- **Directions**
Please return the data word for word and leave out any picture it contains.
### Given data
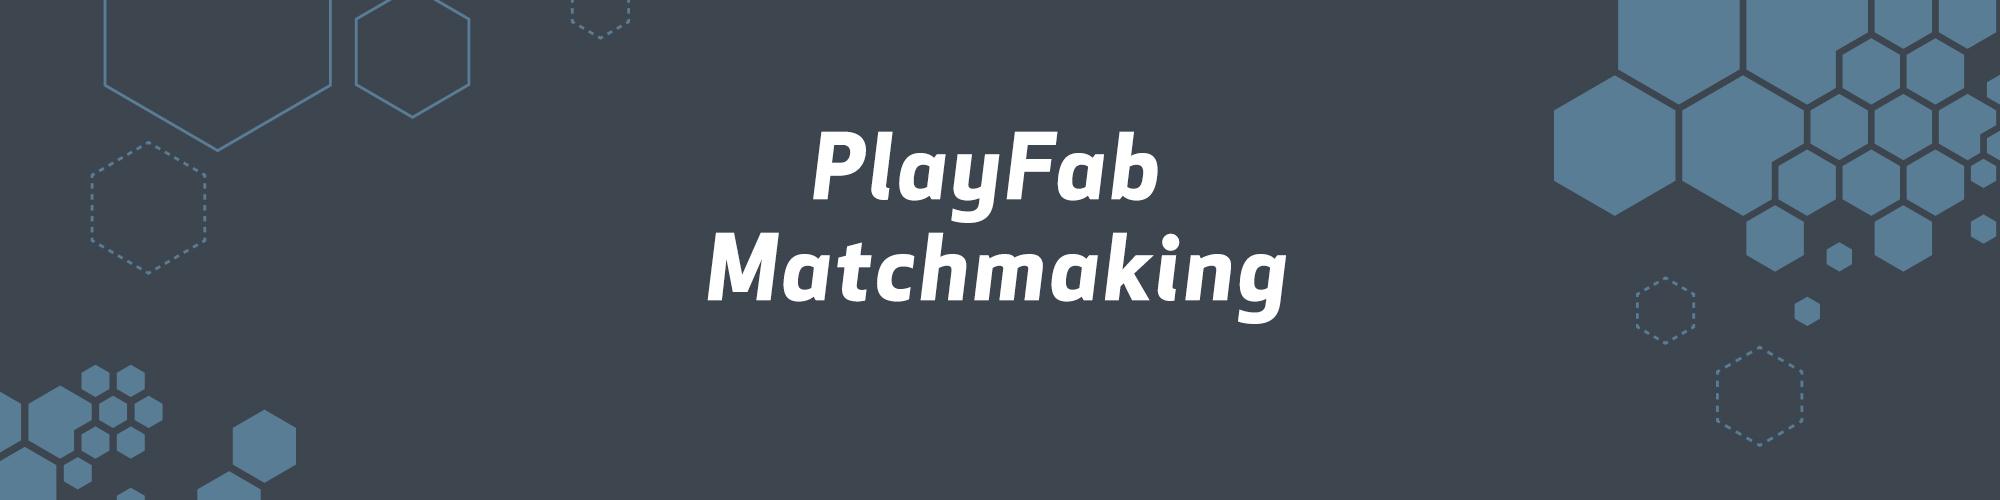 Matchmaking Agence de rencontres Cyrano asiatique wiki
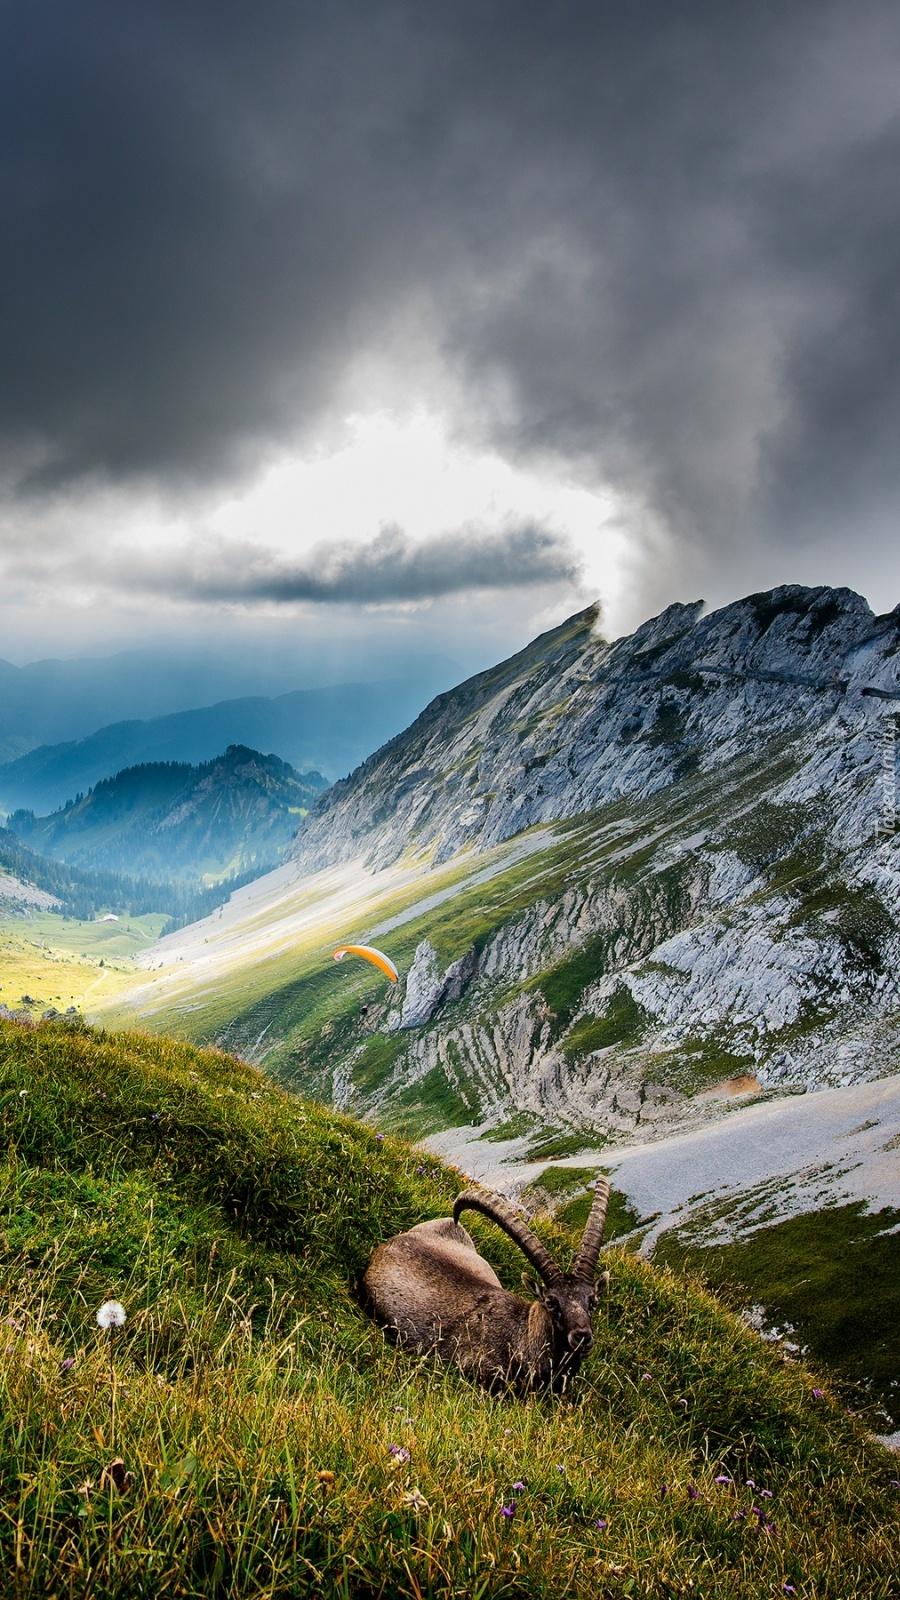 Kozioł na trawie w górach
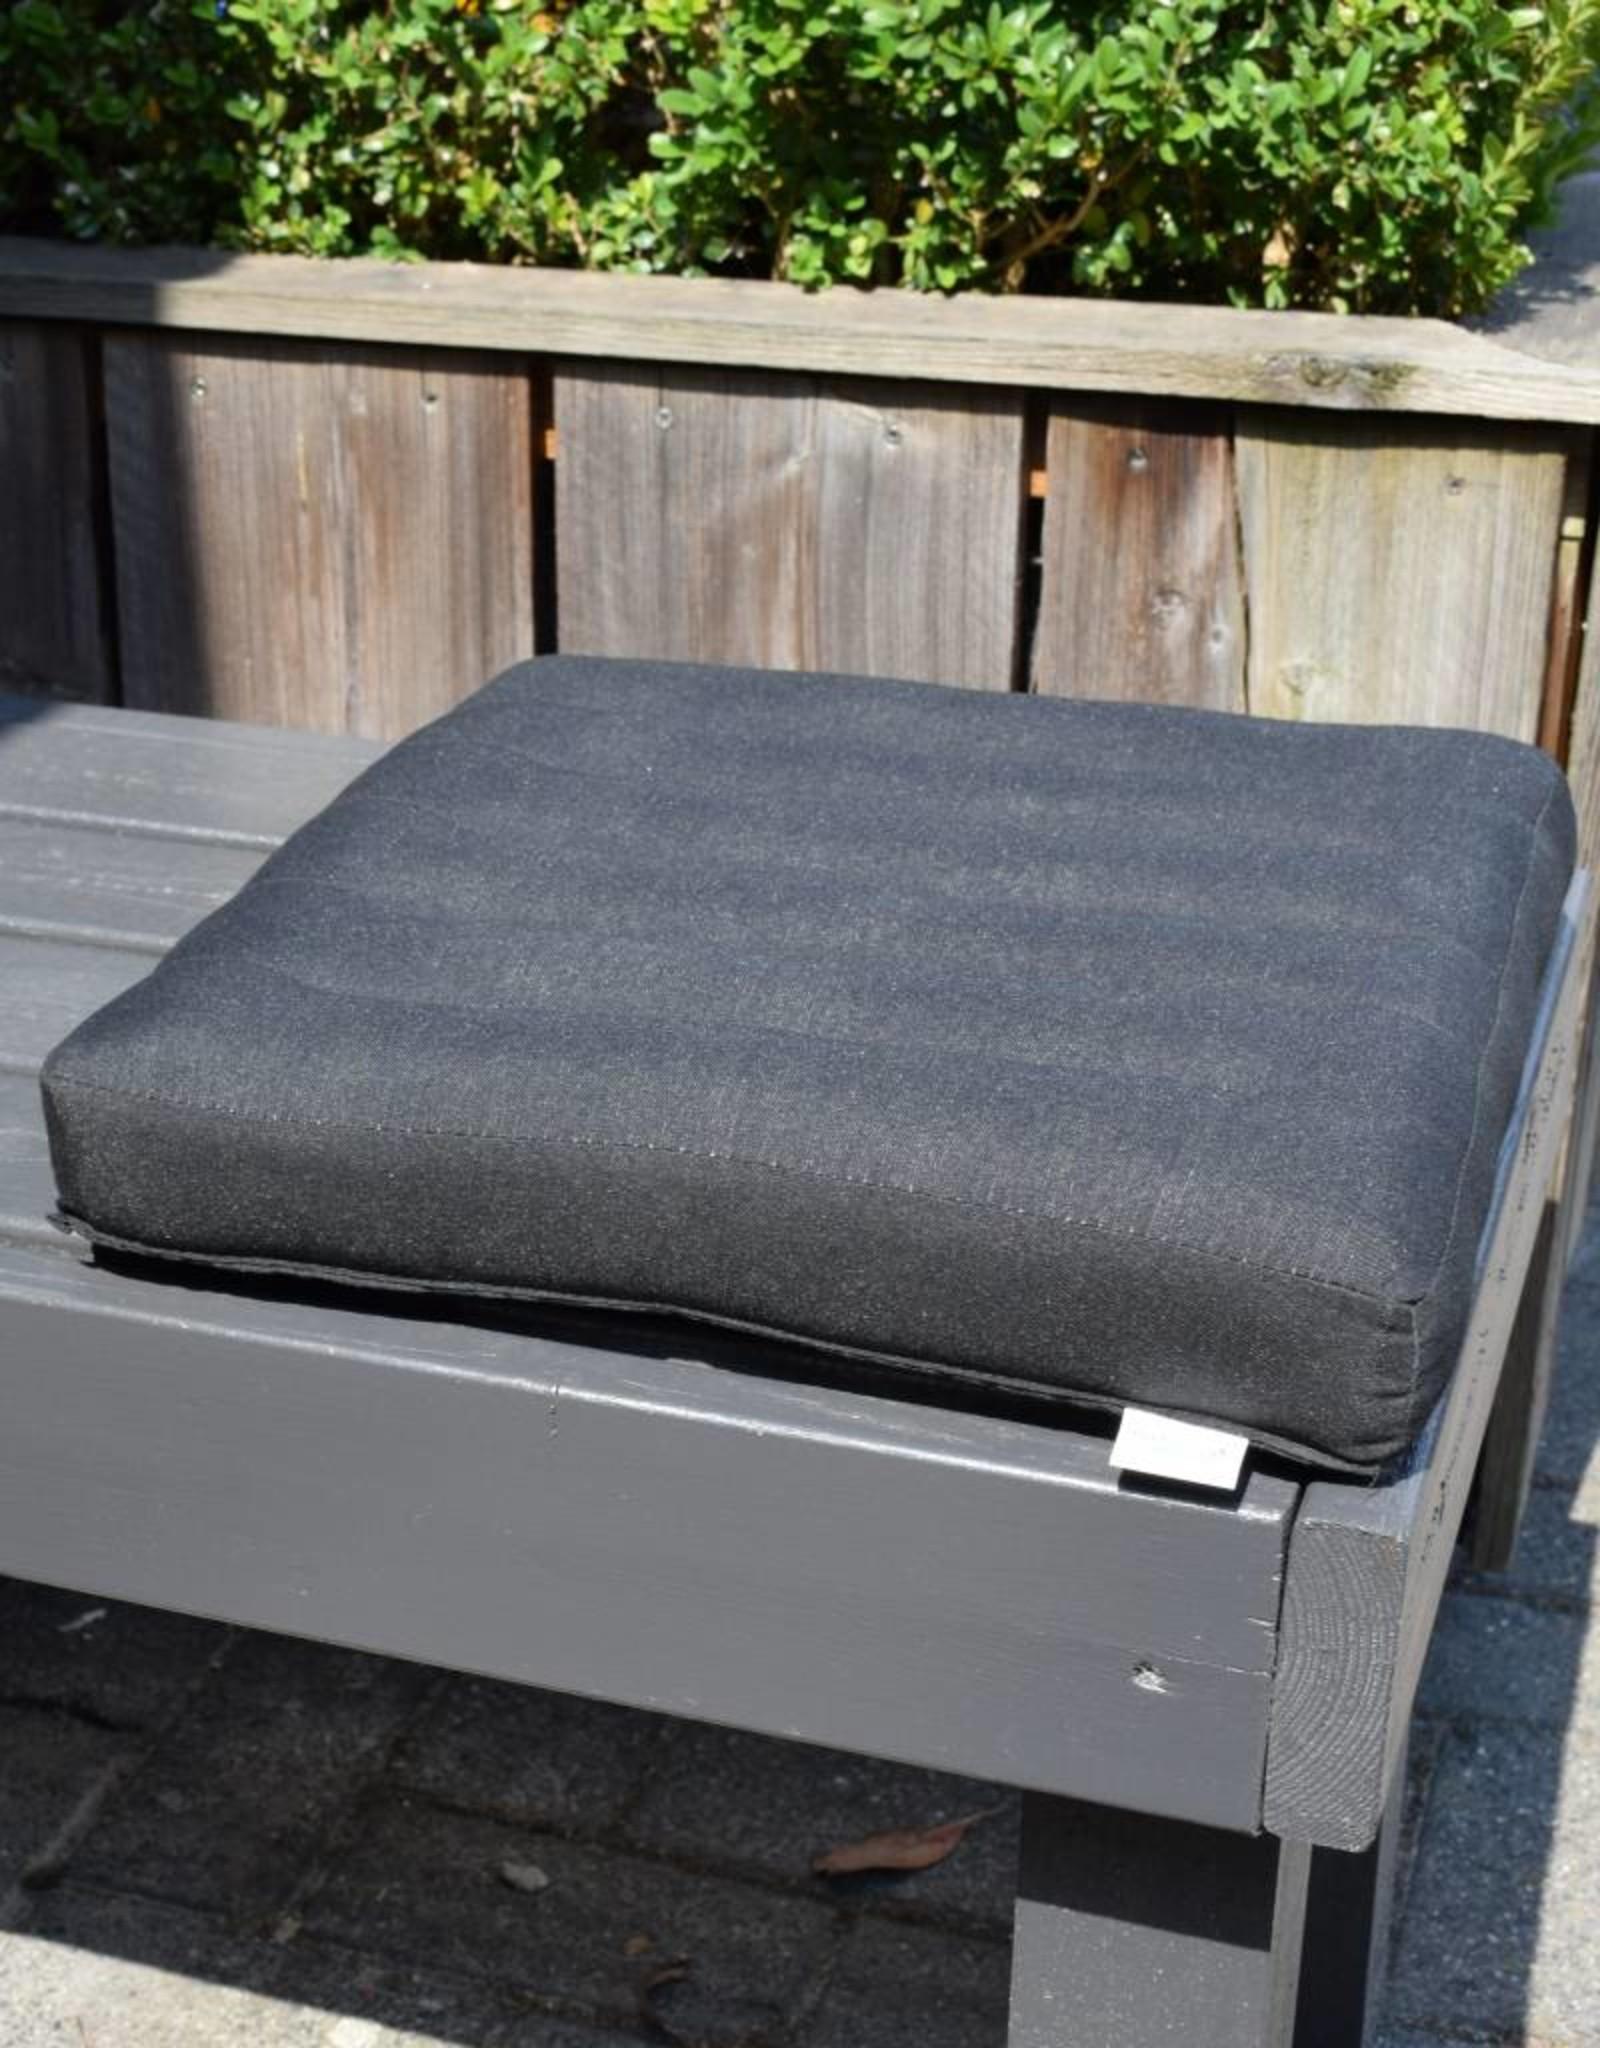 Thai Moonz Thai Seat Cushion and Laptop Cushion (Medium) Black
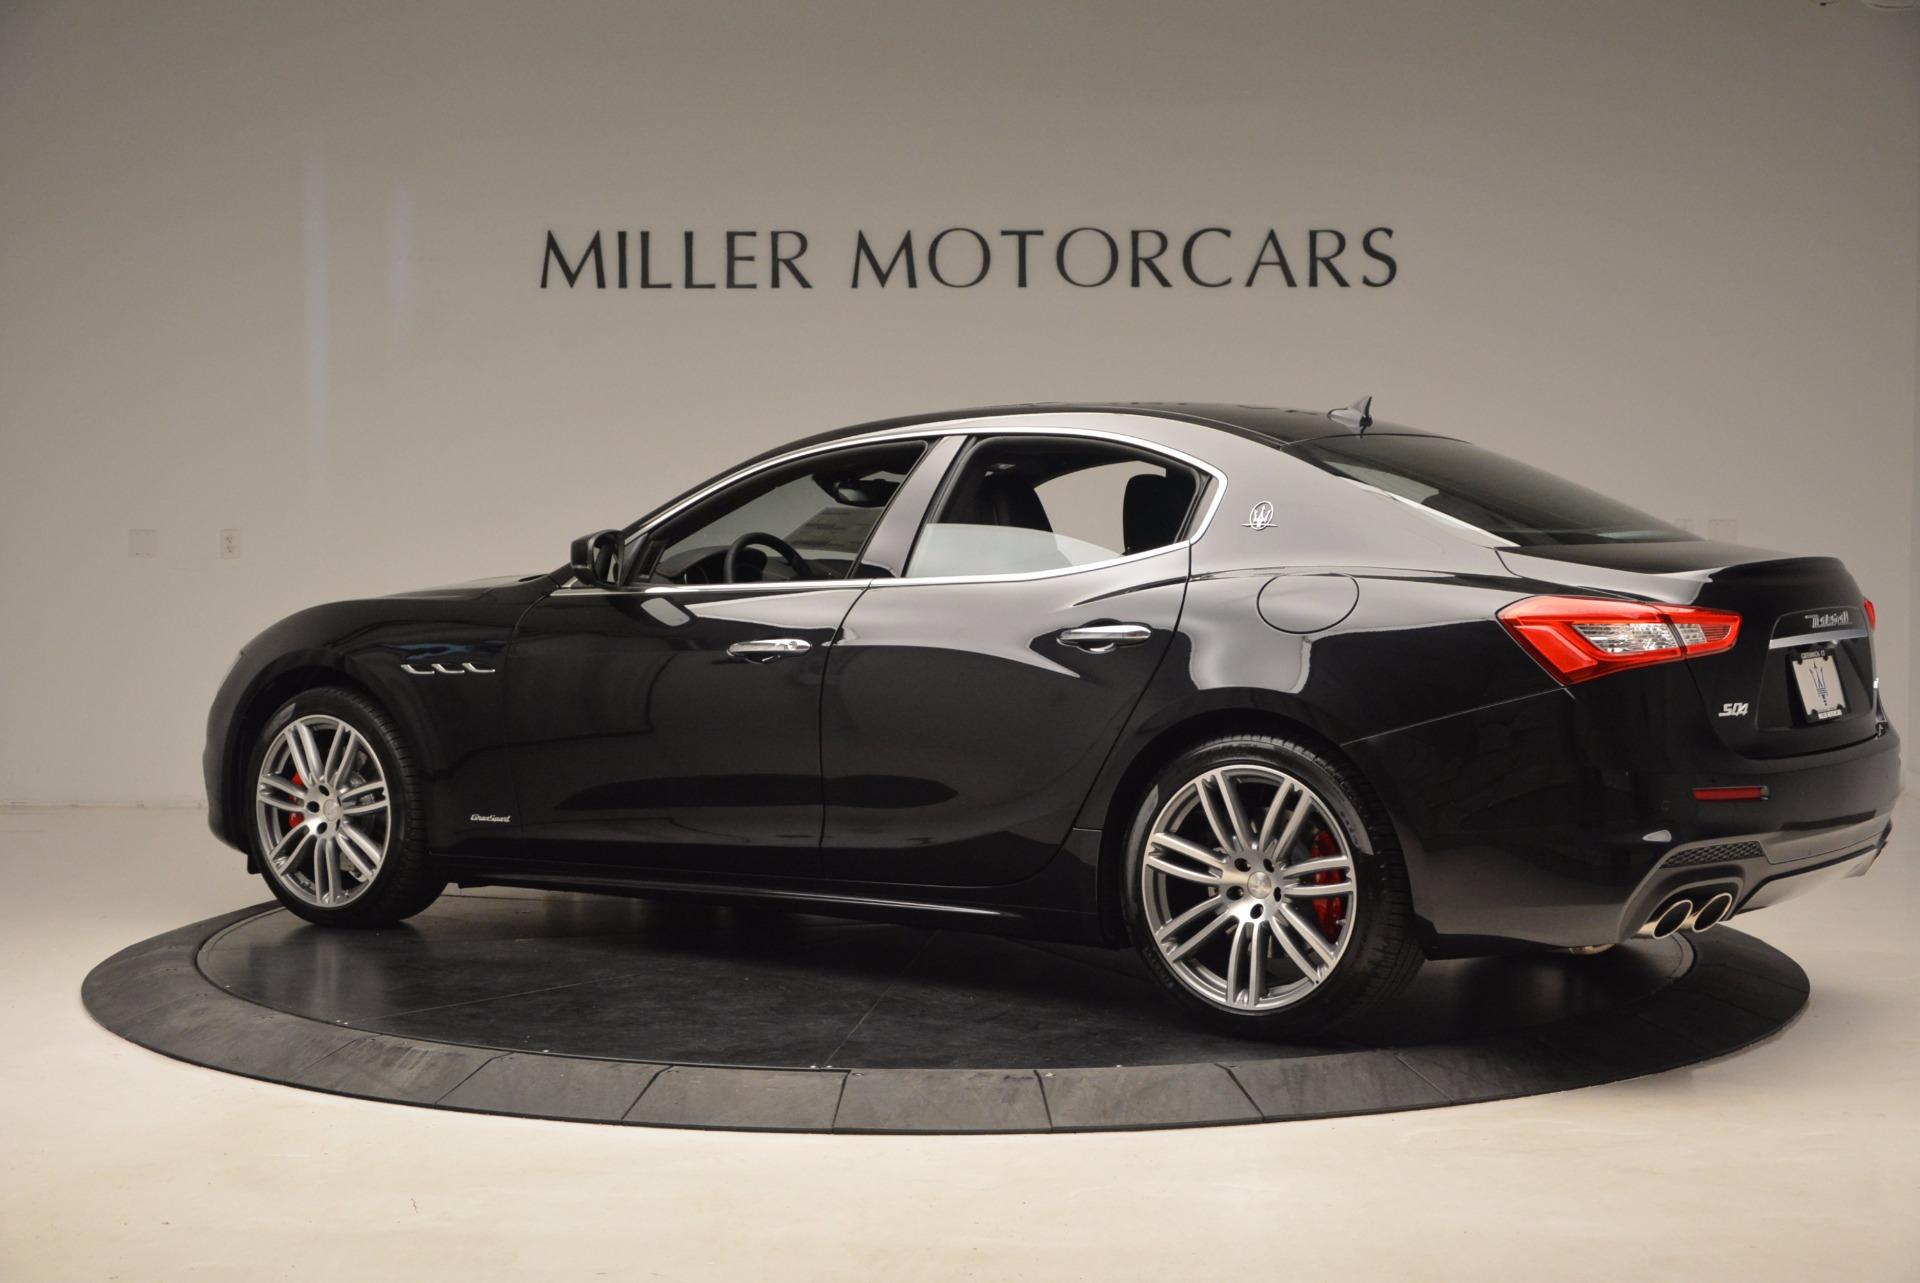 New 2018 Maserati Ghibli S Q4 GranSport For Sale In Greenwich, CT 1541_p4
######
- **Exercise response**
 Matchmaking Agence de rencontres Cyrano asiatique wiki
 Kozioł na trawie w górach
 Thai Moonz Thai Seat Cushion and Laptop Cushion (Medium) Black
 New 2018 Maserati Ghibli S Q4 GranSport For Sale In Greenwich, CT 1541_p4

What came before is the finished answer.